Am ersten Oktober ist in Österreich das Anti-Gesichtsverhüllungsgesetz in Kraft getreten. Doch wie wird das so genannte "Burkaverbot" in der Praxis umgesetzt? Und fördert die Maßnahme wirklich die Integration von muslimischen Frauen? Diese Fragen diskutierte Christoph Feurstein im ORF-"Thema".

Im Anti-Gesichtsverhüllungsgesetz, das seit nunmehr einem Monat gilt, kommen die Begriffe "Burka" oder "Niqab" nicht vor. Verboten ist jede Art der Gesichtsverhüllung im öffentlichen Raum. Das Gesetz, das Integration zum Ziel hat, hat in den ersten Wochen viele Schwächen gezeigt. Christoph Feurstein hat sich in der ORF Sendung "Thema" die bisherigen Erfahrungen mit dem neuen Gesetz angesehen.

Strafe für Clowns

Da jede Art der Gesichtsverhüllung nun verboten ist, greift die Polizei auch bei Schalträgern und Maskierten durch. So waren die ersten, die gegen das Gesetz verstießen und eine Strafe ausfassten zwei Clowns. Und zwar beim "ersten traditionellen Clownsspaziergang" einer Demonstration gegen das Anti-Gesichtsverhüllungsgesetz.

"Ich bin froh, dass der Gesetzgeber endlich das gefährliche Potenzial von Clowns erkannt hat. Schließlich haben sie immer die Machthabenden und die geistlichen Führer karikiert", lacht Klaus Werner-Lobo, von Beruf Clown.

Lobo darf nun nicht mehr in seiner "Arbeitskleidung" nach Hause gehen, sonst würde er sich strafbar machen. "Die Polizei zeigt wie absurd dieses Gesetz ist, indem sie die ganze Zeit Leute abstraft", so Lobo.

Husch-Pfusch Gesetz

Ein anderer Fall ist die Psychologin Nora Foerst. Als sie am Abend, eingehüllt in einen großen Schal zur U-Bahn ging, wurde sie von zwei Polizisten angehalten, die auch prompt eine Strafe wegen teilweiser Verhüllung des Gesichts verhängten.

Die Strafe für den Verstoß gegen das Gesetz betrug 150 Euro. Nun will sie das Gesetz gemeinsam mit ihrem Anwalt Georg Zanger bekämpfen.

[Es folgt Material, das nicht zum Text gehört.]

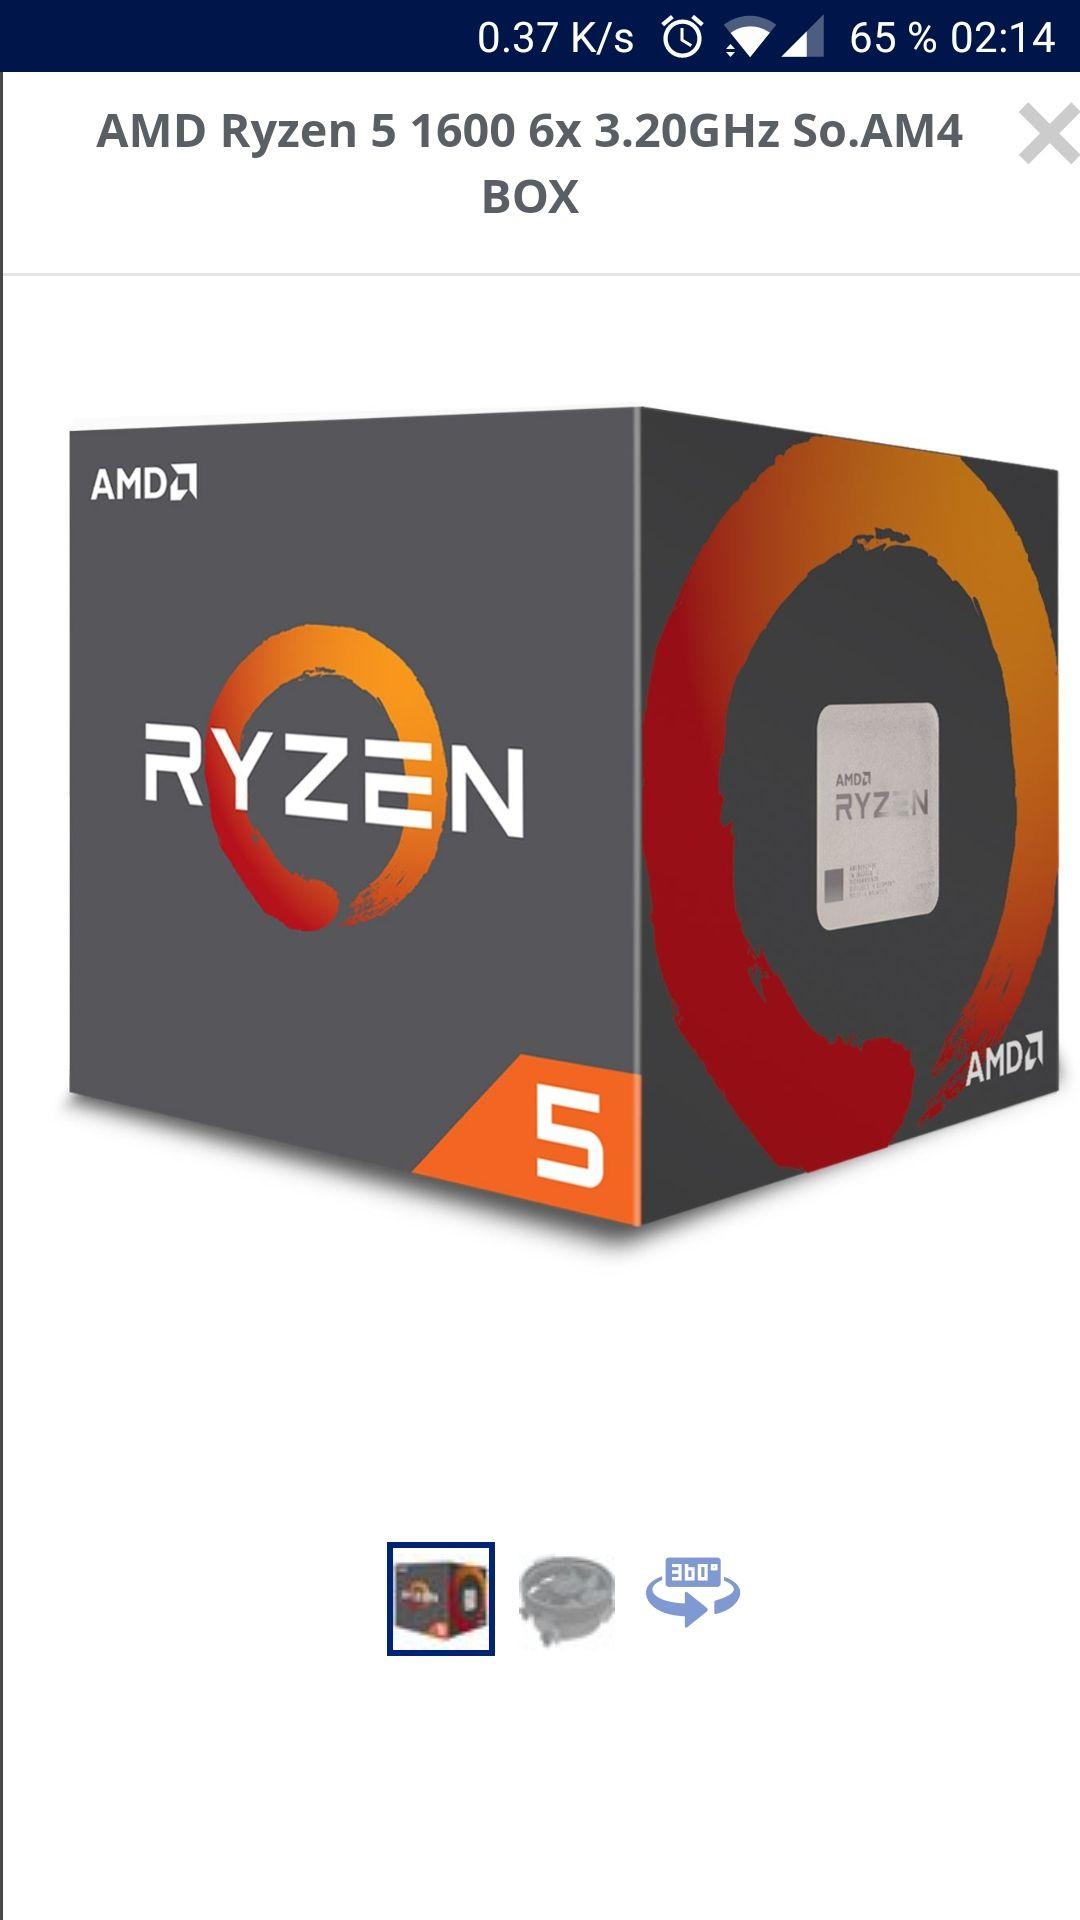 AMD ryzen 5 1600 bei Mindfactory reduziert

"Das ist ein Husch-Pfusch-Gesetz. Dass meine Mandantin jetzt hier, in einer völlig harmlosen Situation, als Betroffene geführt wird, zeigt, das was man ursprünglich damit erreichen wollte, genau nicht ist. Das liegt daran, dass das Gesetz so unscharf ist, es sollte die Volksseele beruhigen", erklärt Anwalt Zanger.

Vom Mut verlassen

Die Polizei selber will nichts mehr zum Anti-Gesichtsverhüllungsgesetz sagen, auch Zahlen und Statistiken gibt es keine.

"Das Gesetz bringt Unklarheit mit sich. Es gibt keine wirklichen Reglementierungen. Es bleibt den Polizistinnen und Polizisten überlassen das zu beurteilen", so Hermann Greylinger von der Fraktion der sozialdemokratischen Polizeigewerkschafter.

Man habe im Zuge der politischen Diskussion versucht, gegen den konservativen Islam aufzutreten, so Greylinger. "Man hat dann, da einen wahrscheinlich der Mut verlassen hat, das Gesetz auf andere Bereiche ausgedehnt. Jetzt kommt es dazu, dass Maskeraden verschiedenster Art unter dieses Verbot fallen und das ist schon fast skurril", so der Polizeigewerkschafter.

Kein Schutz für muslimische Frauen

Doch fördert das "Anti-Gesichtsverhüllungsgesetz", wie beabsichtigt, die Integration und das friedliche Zusammenleben? Was bedeutet es für muslimische Frauen?

Carla Amina Baghajati von der Islamischen Glaubensgemeinschaft sieht sowohl den Gesichtsschleier als auch die "Zwangsbefreiung" davon kritisch: "Ein Mann, der seine Frau zum Niqab zwingt, wird nur sagen: Liebe Frau, Gott prüft deinen Glauben – du wirst ab jetzt das Haus nicht mehr verlassen. Wer kann diese Frau dann schützen?", so Baghajati.

Sie schätzt, dass es in Österreich ein paar Dutzend Frauen gibt, die Gesichtsschleier tragen. Treffen würde das Gesetz eher Touristinnen. "Das Gesichtsverhüllungsverbot sollte ja Anfang des Sommers in Kraft treten, tatsächlich ist es am ersten Oktober in Kraft getreten. Man konnte also noch in Ruhe die Tourismussaison erleben", erklärt Baghajati.